We have provided all the necessary code to both preprocess data and train a transformer model. These instructions will help train such models as well as to serve as a basis to build new ones:

  1. Assuming the above steps for downloading the data have been followed, in the terminal change into the ./AircraftVerse/code directory.
  2. In the terminal run the command:
    python build_transformer_data.py --input ../data_full --save-path ../data_full/transformer_data 
    
    This will save the dataset as ../data_full/transformer_data. Note that this code relies on the relative path of '../data/corpus_dic'. The data set is saved on line 279 of build_transformer_data.py. The data is saved in the form of a dictionary with the following keys:
    • 'X': Tokenization of the sequence data which is a concatenation of the one-hot embedding for the sequence keys and sequence values. For example a single token of a full sequence could be ["node_type": "ConnectedHub4_Sym"]. The key, "node_type", has its own one-hot encoding, which is concatenated to the one-hot encoding of "ConnectedHub4_Sym". The rest of the single token contains zeros which include floats and corpus metadata when the token key requires it. This concatenation is illustrated by this Figure: EmbeddingExample
    • 'X_norm': This is the same as 'X', except the additional component metadata is normalized by summary statistics taken from the corpus data.
    • 'y': List of masses (kg).
    • 'airworthy': List of binary labels. 1 for hover, 0 for cannot hover.
    • 'hover_time': List of hover times (s).
    • 'max_speed': List of maximum speeds (m/s).
    • 'max_distance': List of maximum distances (m).
    • 'interference_list': List of number of interferences.
    • 'encoding_dict_keys': Encoding dictionary for sequence keys. E.g. the key "node_type" for this dictionary will provide the one hot encoding.
    • 'encoding_dict_values': Encoding dictionary for sequence values. E.g. the key "ConnectedHub4_Sym" for this dictionary will provide the one hot encoding.
    • 'norm_dict': The summary statistics, such as means and standard deviations, for the component corpus used to get X_norm.

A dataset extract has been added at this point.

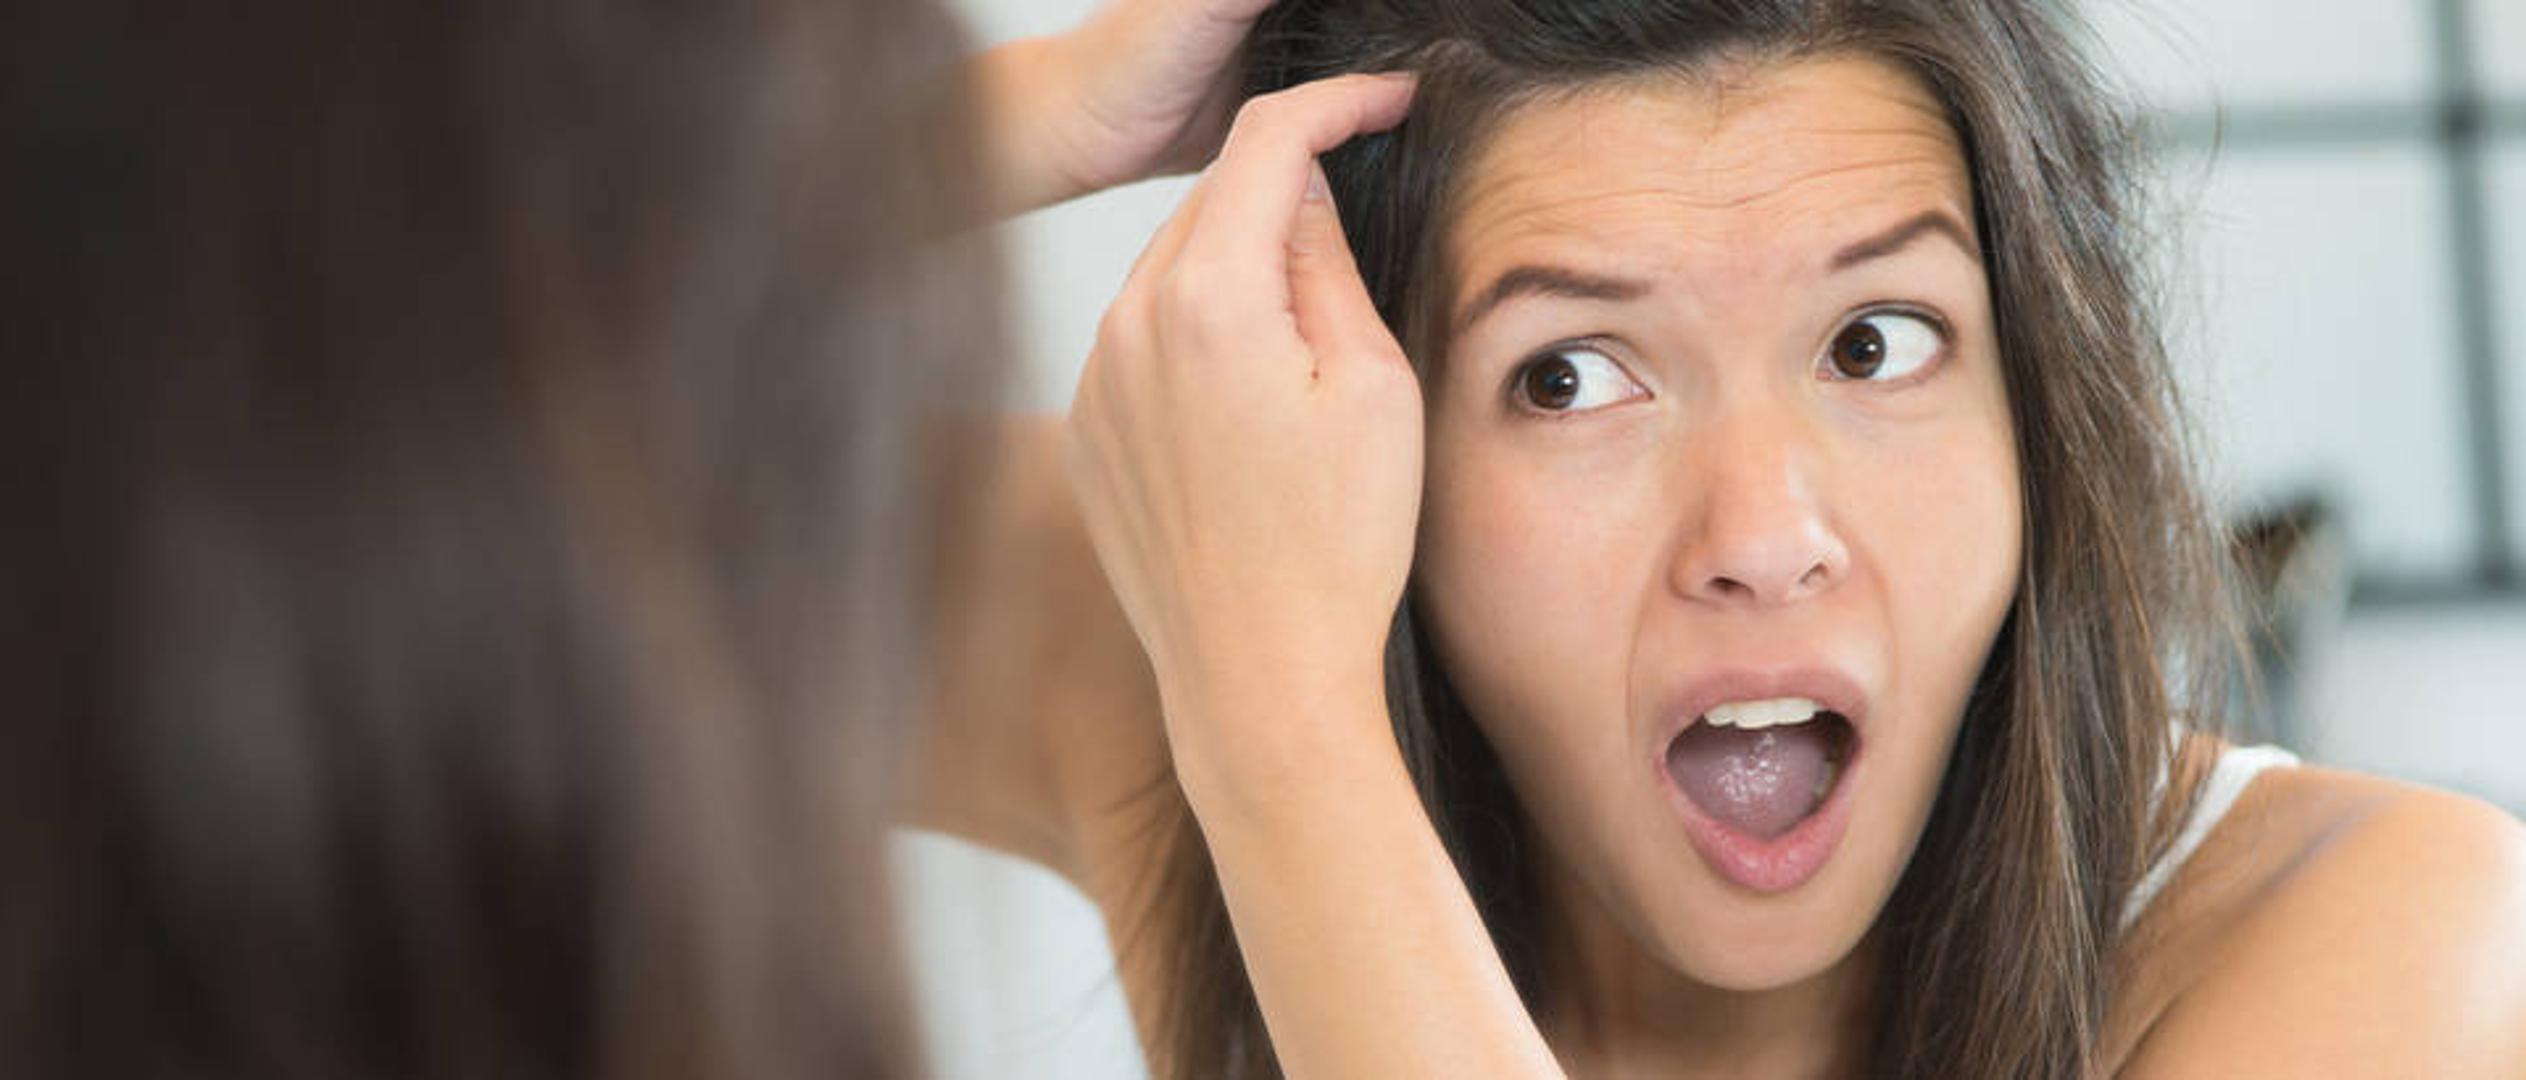 Postoji više razloga zašto nam kosa preuranjeno sijedi, iako je najvažniji čimbenik onaj genetski.

    • 'path': The input path. E.g. '../data_full'.
    • 'folders': List of the design folders.
  3. To then train a model on the preprocessed data, open AircraftVerse/notebooks/ModelBenchmark.ipynb. Set the data_path in the second cell to '../data_full/transformer_data'.
  4. In the same cell, select the specification of interest. The default should be 'airworthy', which will turn the problem into a binary classification problem. Selection of other specifications such as 'hover' turn the problem into a regression problem.

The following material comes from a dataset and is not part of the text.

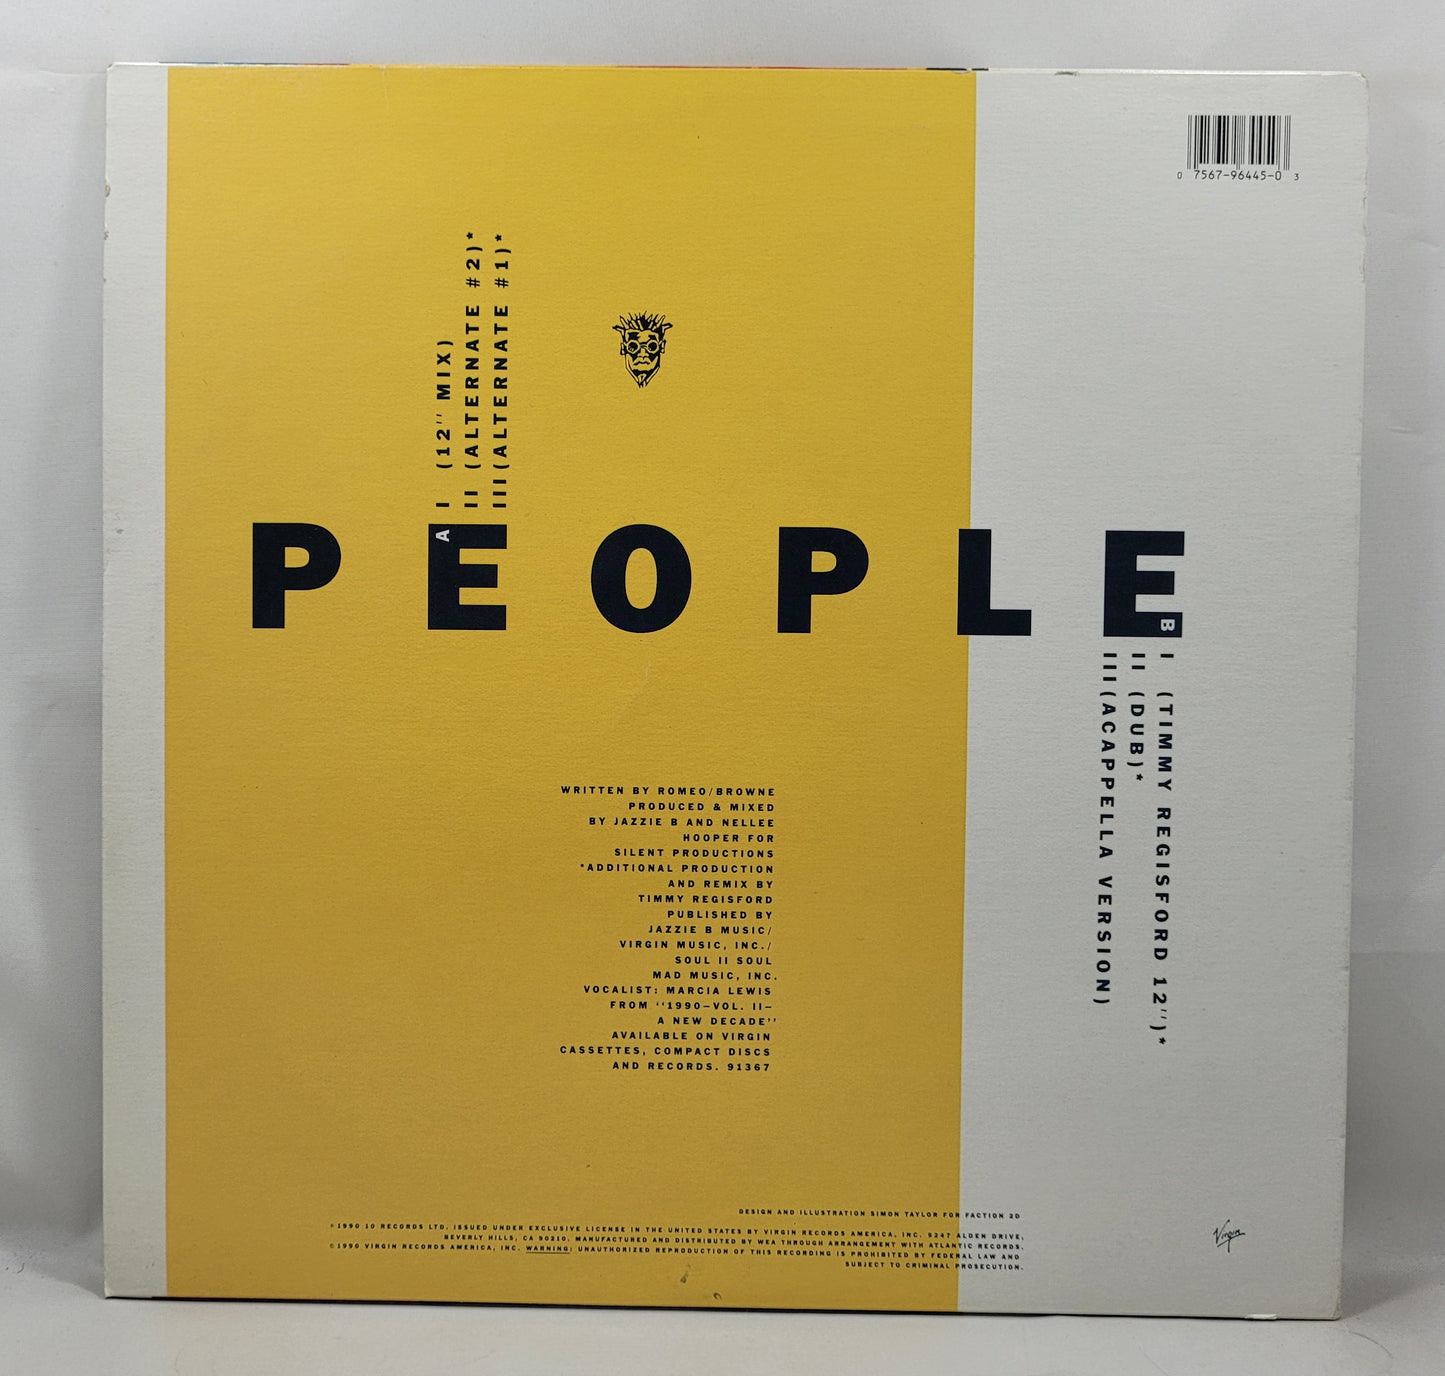 Soul II Soul - People [Vinyl Record 12" Single]

  5. In cell 5 set the mode variable to either 'transformer' or 'lstm'.
  6. Running the rest of the notebook will train the model according to the loss that was determined by selecting the specification.

Acknowledgements

This project was supported by DARPA under the Symbiotic Design for Cyber-Physical Systems (SDCPS) with contract FA8750-20-C-0002. The views, opinions and/or findings expressed are those of the author and should not be interpreted as representing the official views or policies of the Department of Defense or the U.S. Government.